The average monthly salary in the city is only about Rmb4,500.

“One reason apartment sales are bad is because the main people who could afford to buy before were corrupt officials but now they don’t dare to buy because of the anti-corruption campaign [launched by President Xi Jinping in late 2012],” said one person involved in the property sector who asked not to be named for fear of retribution..

The problems facing Harbin are replicated across the country but are most extreme in the provinces and regions that have relied most heavily in recent years on debt-fuelled infrastructure and property investment.

“The rich provinces and regions — with higher household consumption — are proving more resilient,” says Rodney Jones, founder of Wigram Capital and former head of Asian research for Soros Fund Management. “The downturn is being felt hardest in the poorer provinces — which have the biggest deficits and have relied the most on investment for growth.

He estimates that the economies of 11 of China’s 31 province-level regions contracted in real terms in the first quarter of this year from the previous quarter, even as wealthy regions such as Shanghai and Beijing continued to perform quite well.

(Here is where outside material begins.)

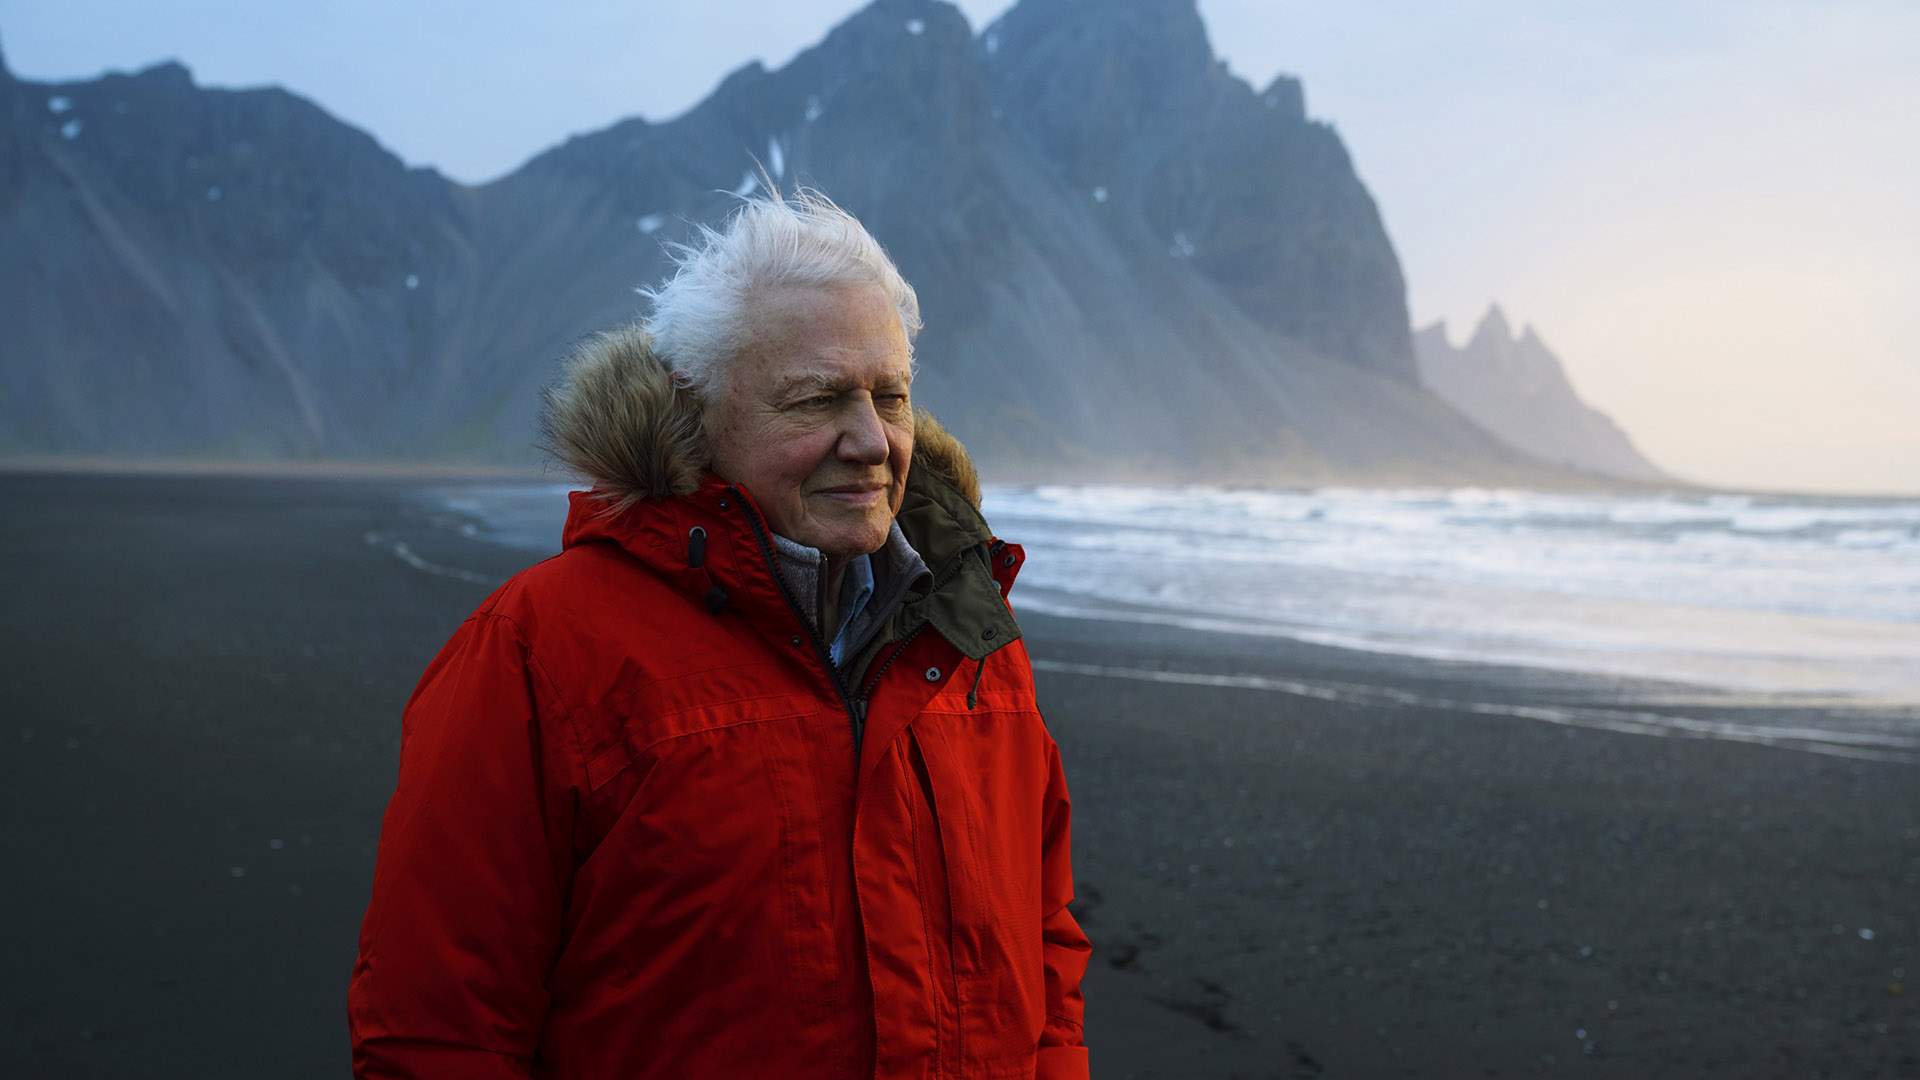 Check Out the Scenic Trailer for David Attenborough's New 'Seven Worlds, One Planet' Series
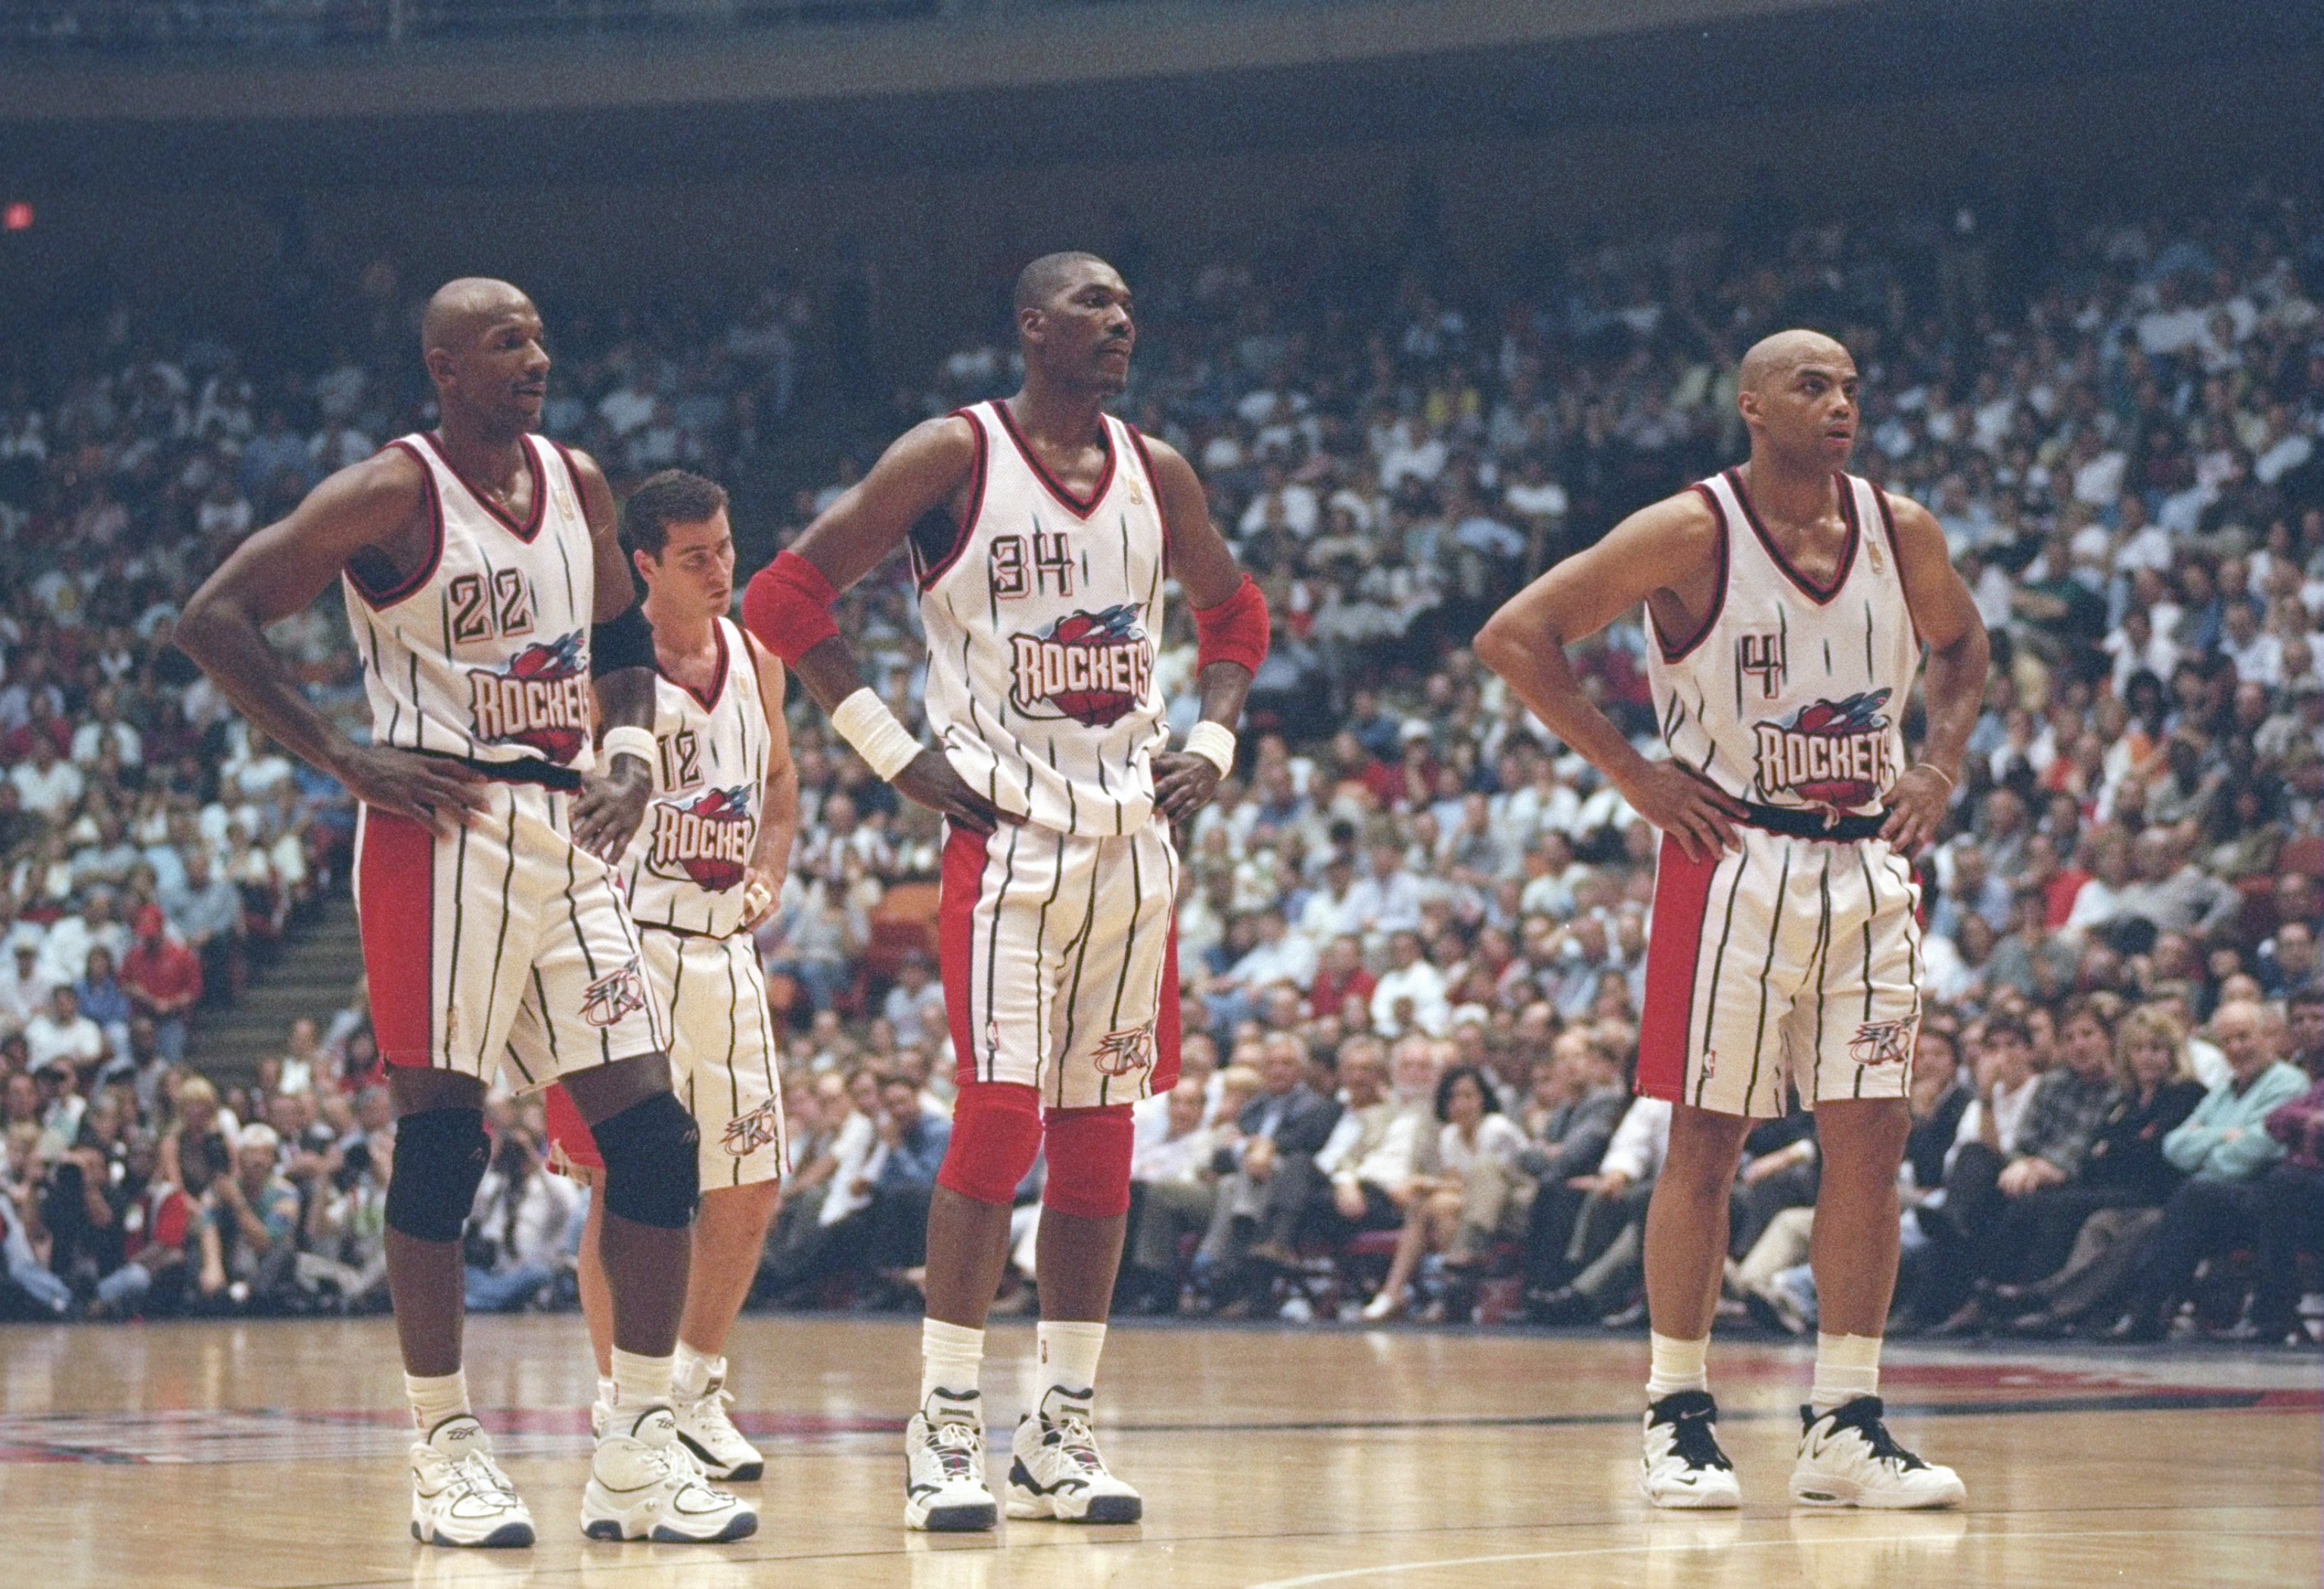 7 May 1997:  Center Hakeem Olajuwon, forward Clyde Drexler (left) and forward Charles Barkley of the Houston Rockets stands on the court during a playoff game against the Seattle Supersonics at the Summit in Houston, Texas.  The Supersonics won the game 1

In Harbin, news of the poison protest in the capital last month has spread throughout the city’s fleet of disgruntled taxi drivers, many of whom hope the incident would draw Beijing’s attention to the economic plight of the provinces.

“We are not allowed to own our own cabs and in the last year the amount we have to pay to the taxi company has doubled or tripled,” said one, who asked to remain anonymous. “When you’re driving all day for nothing and struggling to feed your family, what real choices do you have?”